Светлый фон

Губы Рыкованова дёрнулись и дыхание стало сиплым. Узнал.

— Что, Кирюша, соскучился? — спросил он, держа нож и вилку вертикально, словно готовился к нападению.

— Не так, как ты по мне, Анатолий Петрович, — ответил я сразу переходя на ты. Невозможно выстрелить в того, кому привык выкать.

Я опустился на стул. Он знал, что под столом я наставил на него пистолет: об этом ему рассказал вкрадчивый металлический звук, с которым опустился рычажок предохранителя.

Он ухмыльнулся. Скалистая голова мерно качалась. От него шёл знакомый запах пота, который внушал многим бессознательный страх и погружал в раболепие. На его оспенном лице свернуло подобие улыбки. Дерзость подчинённых его забавляла, как веселят кота трепыхания мыши с перекушенным хребтом.

Дверь основного зала приоткрылась. Вошёл молодой сутуловатый официант, долговязый, как богомол. Моё появление его удивило, но не настолько, чтобы задаваться этим вопрос всерьёз. Его волновало лишь, нести ли ещё приборы. Он вопросительно смотрел на шефа.

— Ваня, не сейчас! — отмахнулся Рыкованов.

Ваня дрогнул, ссутулился ещё сильнее и задом нащупал дверь.

— Ты чего хочешь, Кирюша? — проговорил Рыкованов, языком вычищая мясо, застрявшее в зубах.

От слегка отстранился от стола, но руки оставлял на виду. Он знал, что я среагирую на любое резкое движение.

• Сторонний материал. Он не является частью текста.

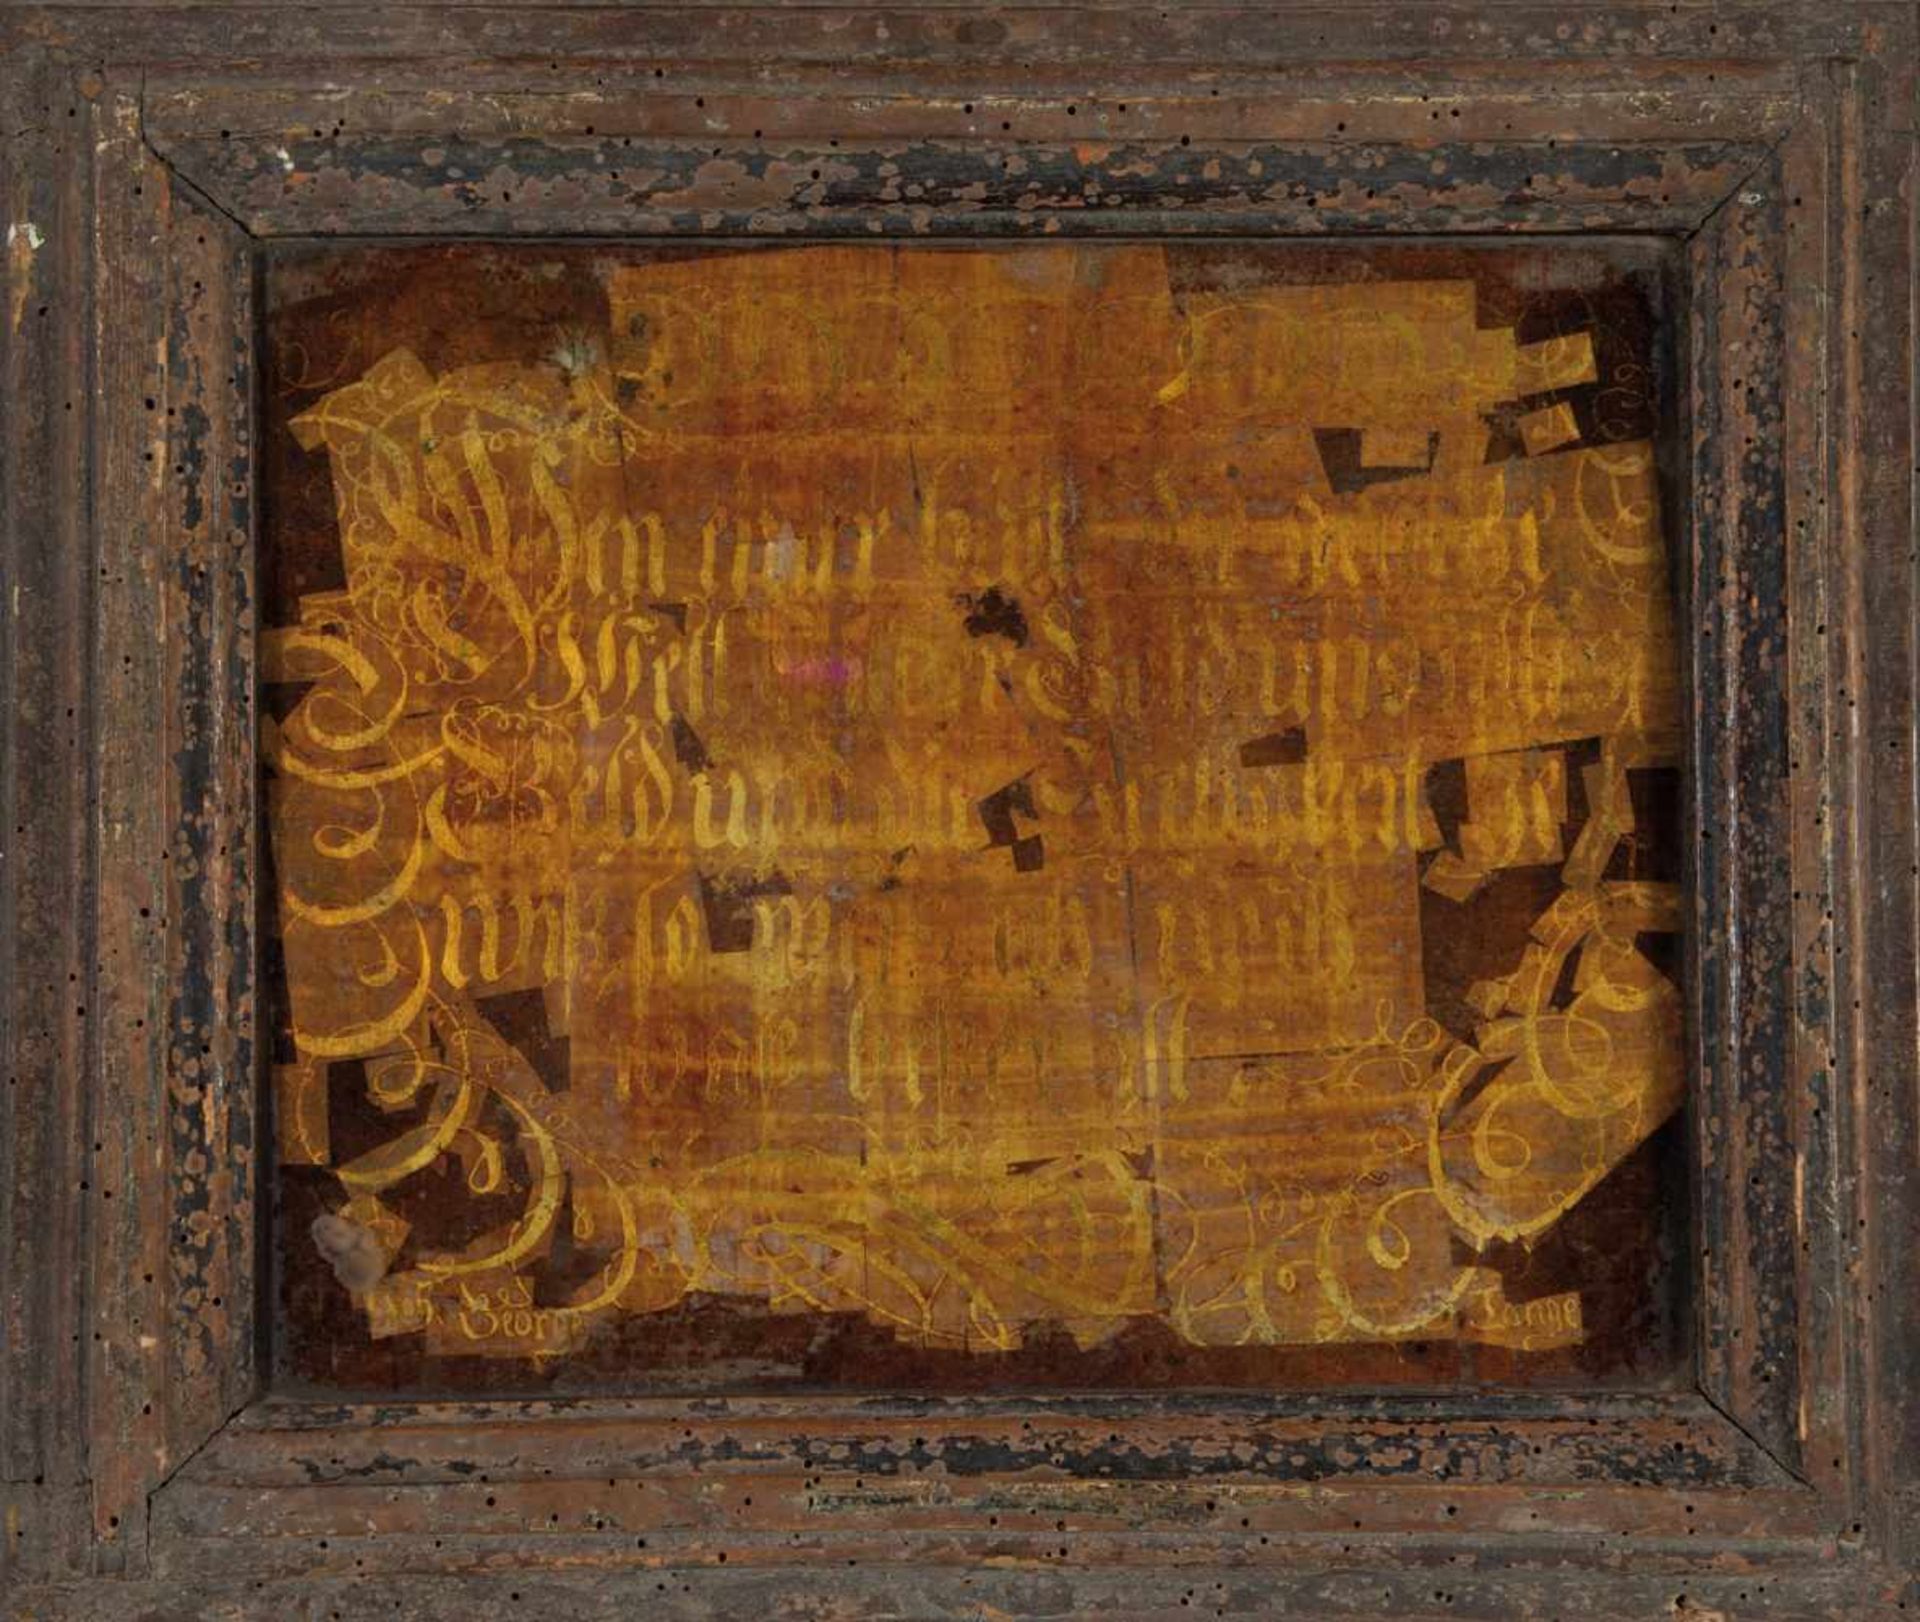 Spruchbildsigniert und datiert "Joh. George Lange 1726" Hinterglas in Goldfolie vor braunem Grund

Я выложил телефон Эдика, всё такой же грязный, каким мы его нашли. Рыкованов глянул без интереса.

— Что это? — спросил он.

— Это доказательство, что Самушкин был в зоне, — я стукнул ногтем по экрану. — Здесь последняя видеозапись, треки, переписка с заказчиком. Я мог бы доказать, что не убивал его, но ты ведь, Анатолий Петрович, и так это знаешь. Знаешь ведь?

Он отложил нож. Жирные пальцы взяли телефон, и на пыльном экране появились овальные отпечатки.

— Предъявить хочешь? — спросил он разгорающимся голосом. — Это ты зря. Я твоих дел не касаюсь. Иди вон к следователю и там исповедуйся. А лучше исчезни. Беги, Кирюша! Даю тебе последний шанс. Они там с тобой церемохаться не будут. Ты нюх потерял или не замечаешь, что вокруг творится? На хер ты им живой не упёрся!

Он поймал волну и спешил сбросить с себя ту позорную скованность, что овладела им в первые минуты. Мои претензии оказались мелки и предсказуемы, и он успокоился, обмяк, вытер рот салфеткой и оставил на ней красноватый след. Он дёрнулся, чтобы встать, но глушитель упёрся ему в колено.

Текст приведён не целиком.